Plan Halieutis : les griefs de la Cour des comptes
Par Khadija Skalli
Lancé en 2009, le Plan Halieutis a eu un impact considérable sur le développement du secteur de la pêche maritime. Toutefois, certains dysfonctionnements ont été soulevés par la Cour des comptes. Lenteur dans la réalisation de certains objectifs stratégiques, faible taux d’exécution de certains projets programmés et insuffisance au niveau du suivi et du pilotage de la stratégie Halieutis.
La Cour des comptes a rendu public son rapport au titre de l’année 2018. Parmi les missions menées par cette institution supérieure de contrôle des finances publiques figure une évaluation du secteur de la pêche maritime. Le Département de Driss Jettou s’est penché sur l’évaluation de l’état d’avancement du Plan Halieutis. Satisfecit mitigé.
Selon les magistrats de la Cour des comptes, la mise en œuvre du Plan Halieutis a eu un impact considérable sur le développement du secteur. En témoignent les réalisations accomplies. « Le PIB de la pêche a presque doublé en passant de 8,3 MMDH en 2007 à 15 MMDH en 2015, et la production nationale a progressé de 3,75% par an en volume, et de 8,70% par an en valeur, sur la période 2009-2016 ». Et de poursuivre : « Celle-ci a atteint, en 2016, un volume de 1,46 millions de tonnes débarquées pour une valeur de 11,5 MMDH ». De même, les exportations des produits de la mer ont quasiment doublé en valeur passant de 9,26 MMDH en 2007 à 19,81 MMDH en 2015, soit près de 64,5% de l’objectif final du plan (30,71 MMDH) visé à 2020.
Toutefois, « certains objectifs stratégiques du plan n’ont pas encore atteint les résultats escomptés », souligne le rapport.

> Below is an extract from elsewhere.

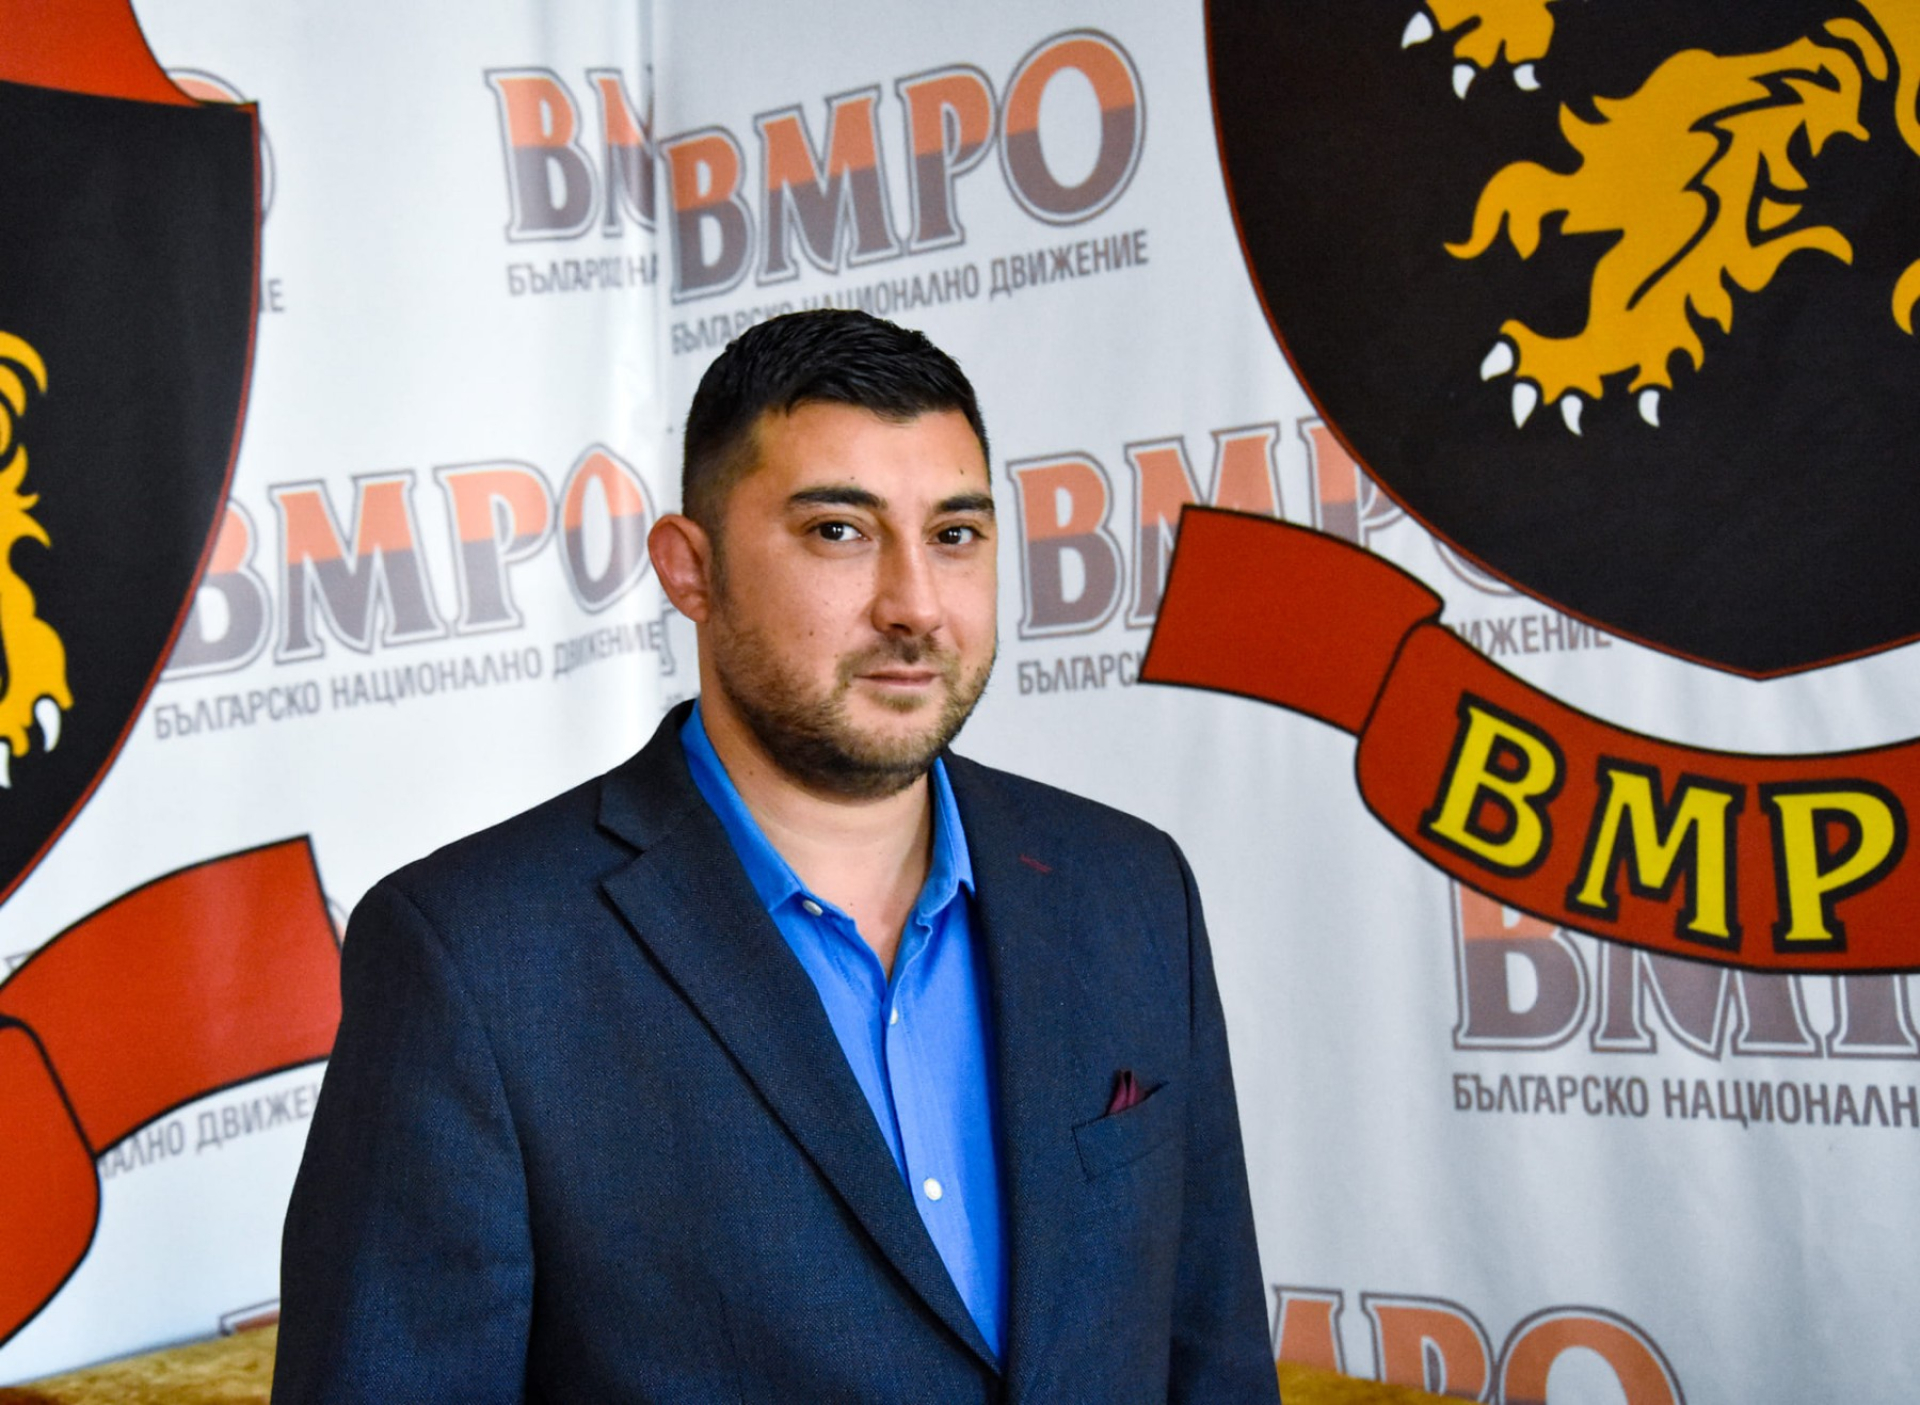 Контрера, ВМРО: Асен Василев не трябва да бъде министър никога повече!
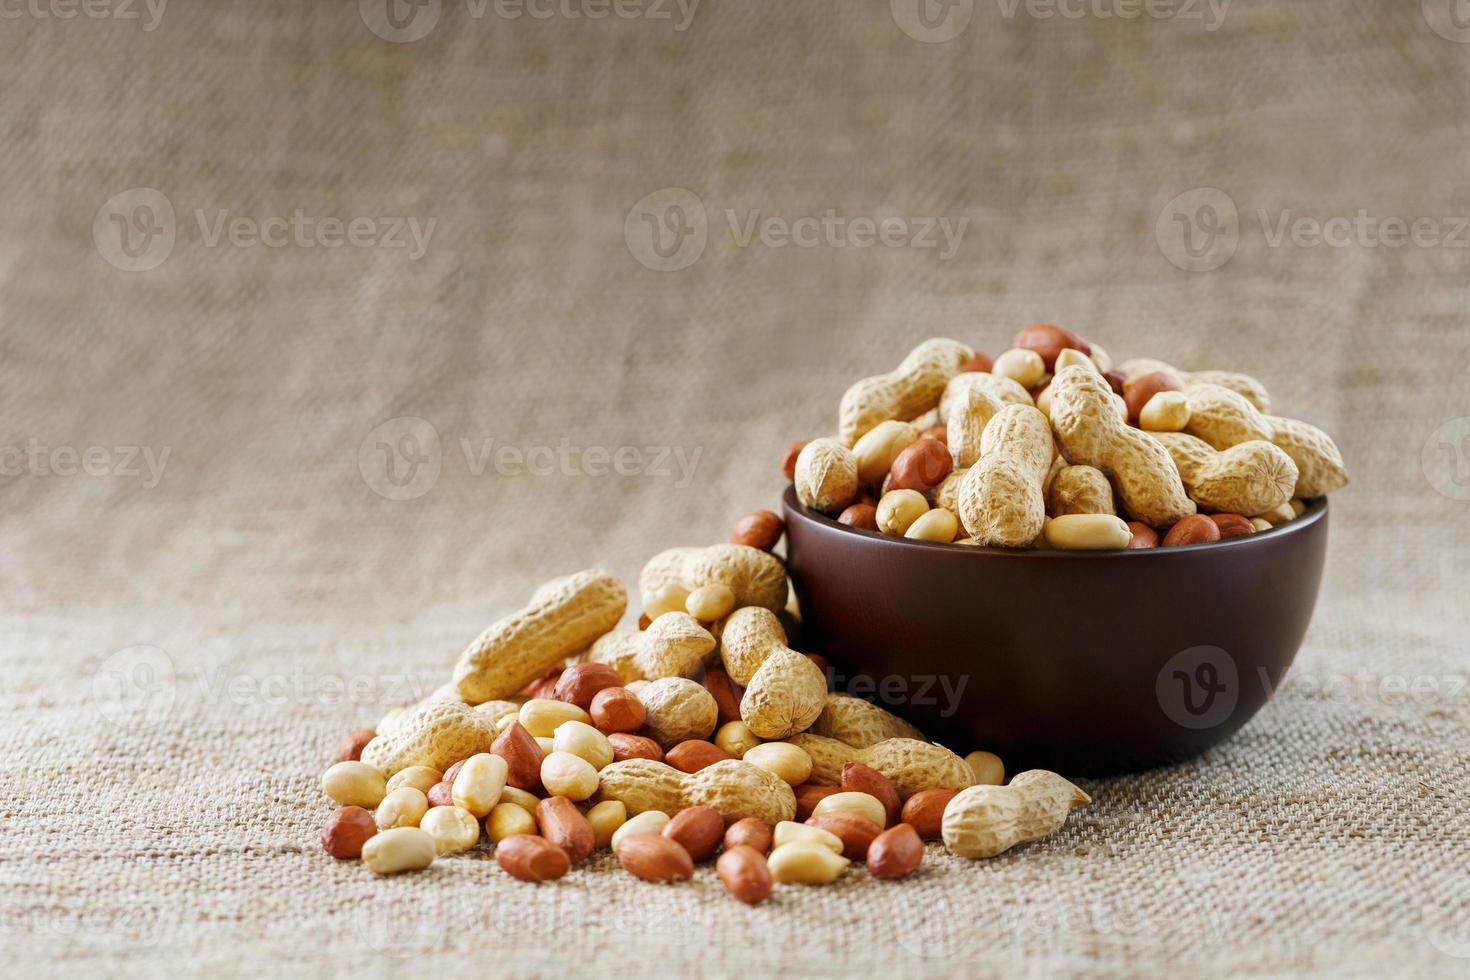 amendoins com casca e close-up descascado em xícaras. amendoins torrados com casca e descascados contra um pano marrom. foto

La Cour des comptes pointe du doigt la « lenteur » dans la réalisation de certains objectifs stratégiques. « Le Plan Halieutis avait prévu de porter la part du Maroc dans le marché mondial en volume de 3,3% en 2007 à 5,4% en 2020. Toutefois, cette part n’a guère dépassé 1,9% en 2015 », précise la même source.
Par ailleurs, « la production aquacole moyenne pendant six ans (2010-2015) était de 400 tonnes seulement, alors que le Plan Halieutis a prévu de la porter à 200.000 tonnes ».
La Cour des comptes relève le « faible » taux d’exécution de certains projets programmés. « Après huit ans de son lancement, le rythme d’exécution des projets prévus reste globalement faible ». En juillet 2016, sur 70 projets prévus, 25 seulement ont été achevés pour un montant total de 567,72 MDH, soit un taux de réalisation budgétaire de 12,75%. D’un autre côté, seulement 39% des plans d’actions ont été achevés, 36% est partiellement réalisés, et 25% non encore mis en œuvre. Un autre grief formulé par les magistrats de la Cour des comptes c’est « l’insuffisance dans le montage financier préalable et dans le planning d’exécution des projets prévus ».
« Malgré plusieurs requêtes de la Cour, il n’a été fourni par le DPM (le Département de la Pêche Maritime) aucun document faisant foi du Plan Halieutis, qui soit chiffré avec l’enveloppe budgétaire globale, ainsi que les budgets alloués et les sources de financement des différents projets structurants programmés », reprochent-ils. Par ailleurs, poursuit le rapport, le document à la base de la stratégie n’a pas prévu un planning d’exécution des différentes composantes du plan. La Cour des comptes soulignent également « l’insuffisance au niveau du suivi et du pilotage ».
Pour assurer le pilotage de la stratégie Halieutis, il a été prévu la mise en place d’un Project Management Office (PMO) au sein du DPM avec une organisation par projet instituant quatre niveaux de pilotage. « Or, aucune des instances prévues pour le pilotage stratégique et pour la mise en œuvre du plan, n’a été mise en place, notamment, le comité de pilotage, le comité de suivi (pilotage stratégique), et la cellule du pilotage opérationnel », souligne la Cour des comptes. De même, jusqu’à fin 2017, le « Comité national de la pêche », prévu par le Plan Halieutis pour la concrétisation des projets stratégiques, n’a pas été constitué.